Glucocorticoids suppress interleukin-1 receptor antagonist synthesis following induction by endotoxin.

Glucocorticoids, as part of their physiological role in the control of inflammatory and immune processes, suppress the expression of IL-1 and other cytokines. We have found a dose-dependent inhibition by dexamethasone (10 nM to 10 microM) of mRNA levels of the recently cloned IL-1 receptor antagonist (IL-1ra) in endotoxin-stimulated human monocytes. At the same concentrations, both dexamethasone and cortisol inhibited the secretion of IL-1ra. These inhibitory effects were reversed by blocking glucocorticoid receptors with the specific antagonist RU 38486, but not by adding exogenous IL-1, even up to 100 ng/ml, to the monocytes.
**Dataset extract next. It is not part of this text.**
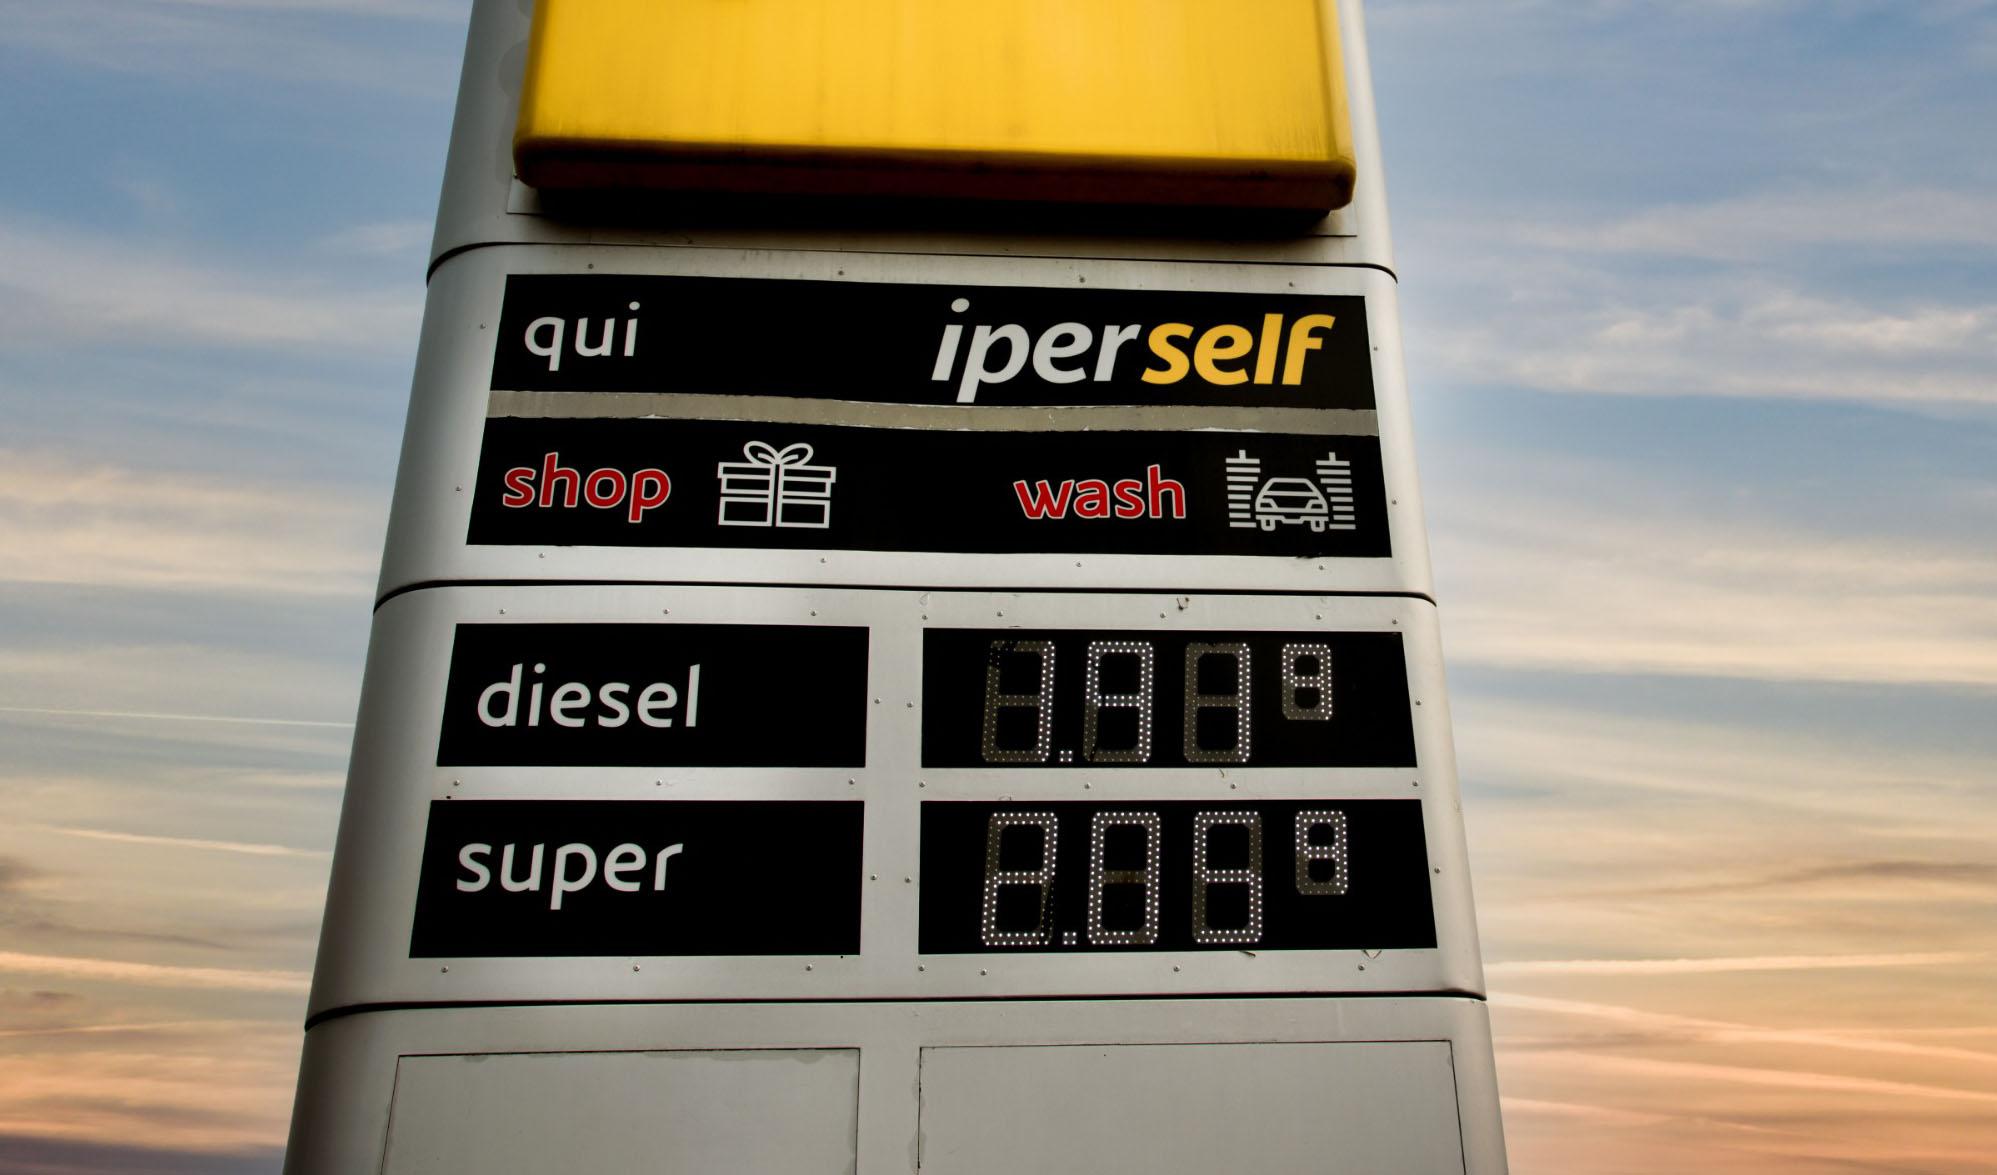 Aumento benzina: come cambia l’esposizione dei prezzi ai distributori

A similar inhibition of IL-1ra mRNA and protein secretion was found in monocytes obtained after dexamethasone administration in vivo. In addition, we observed parallel increases in glucocorticoid and IL-1ra levels following endotoxin administration to normal volunteers. Our results show that glucocorticoids shut down not only IL-1 but also IL-1ra expression, ruling out induction of IL-1ra as part of the glucocorticoid antiinflammatory mechanism. The control of the delicate immunoregulatory balance of the IL-1/IL-1ra system during endotoxemia underscores the physiological importance of glucocorticoids in the final control of immune responses.